The Federal Trade Commission has the authority to issue regulations and enforce COPPA. Also under the terms of COPPA, the FTC-designated "safe harbor" provisioning is designed to encourage increased industry self-regulation. Under this provision, industry groups and others may request Commission approval of self-regulatory guidelines to govern participants' compliance, such that website operators in Commission-approved programs would first be subject to the disciplinary procedures of the safe harbor program in lieu of FTC enforcement. the FTC has approved seven safe harbor programs operated by TRUSTe, ESRB, CARU, PRIVO, Aristotle, Inc., Samet Privacy, and the Internet Keep Safe Coalition.
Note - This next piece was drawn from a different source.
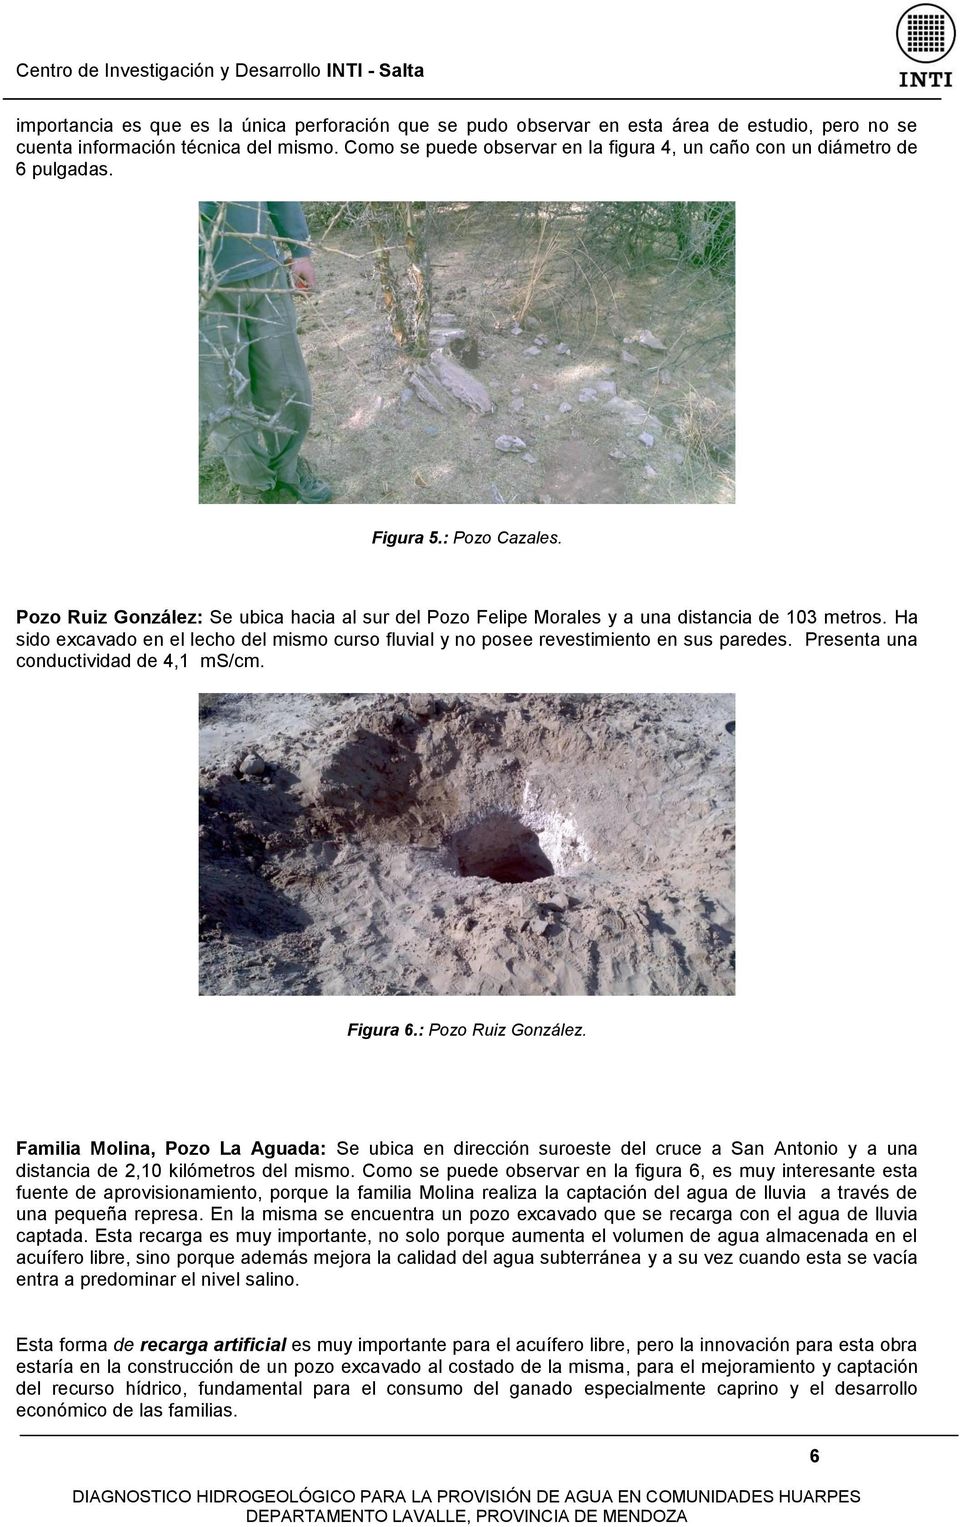 Pozo Ruiz González: Se ubica hacia al sur del Pozo Felipe Morales y a una distancia de 103 metros. Ha sido excavado en el lecho del mismo curso fluvial y no posee revestimiento en sus paredes.
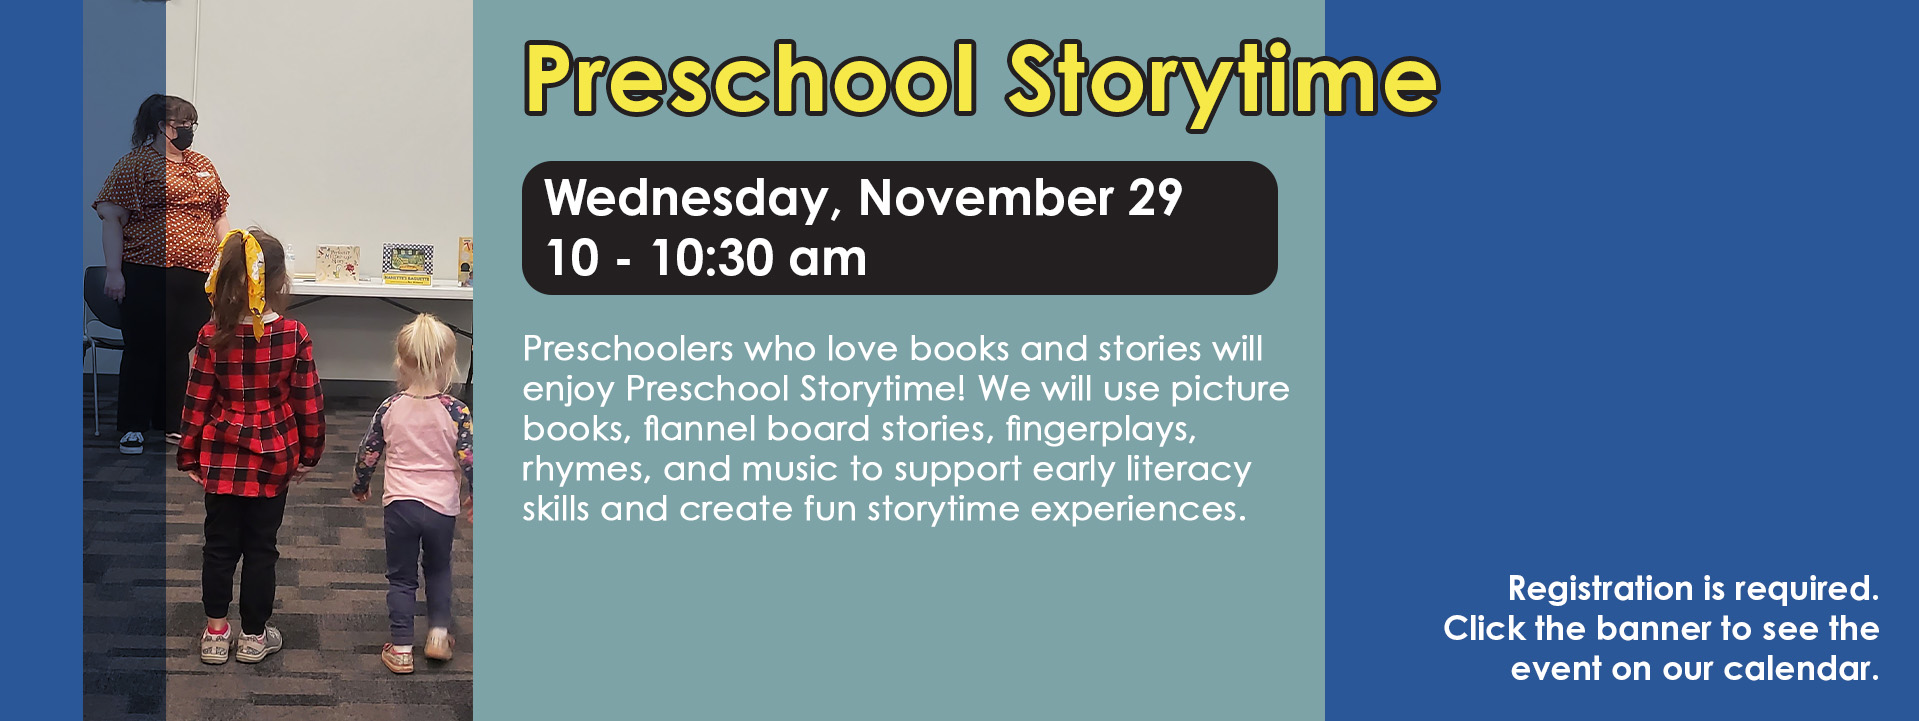 Preschool Storytime Nov 29

In September 2011, the FTC announced proposed revisions to the COPPA rules, the first significant changes to the act since the issuance of the rules in 2000. The proposed rule changes expanded the definition of what it meant to "collect" data from children. The proposed rules presented a data retention and deletion requirement, which mandated that data obtained from children be retained only for the amount of time necessary to achieve the purpose that it was collected for. It also added the requirement that operators ensure that any third parties to whom a child's information is disclosed have reasonable procedures in place to protect the information.
The act applies to websites and online services operated for commercial purposes that are either directed towards children under 13 or have actual knowledge that children under 13 are providing information online. Most recognized non-profit organizations are exempt from most of the requirements of COPPA. However, the Supreme Court ruled that non-profits operated for the benefit of their members' commercial activities are subject to FTC regulation and consequently COPPA as well. The type of "verifiable parental consent" that is required before collecting and using information provided by children under 13 is based upon a "sliding scale" set forth in a Federal Trade Commission regulation that takes into account the manner in which the information is being collected and the uses to which the information will be put.

Violations

The FTC has brought a number of actions against website operators for failing to comply with COPPA requirements, including actions against Girls' Life, American Pop Corn Company, Lisa Frank, Inc., Mrs. Fields Cookies, and The Hershey Company.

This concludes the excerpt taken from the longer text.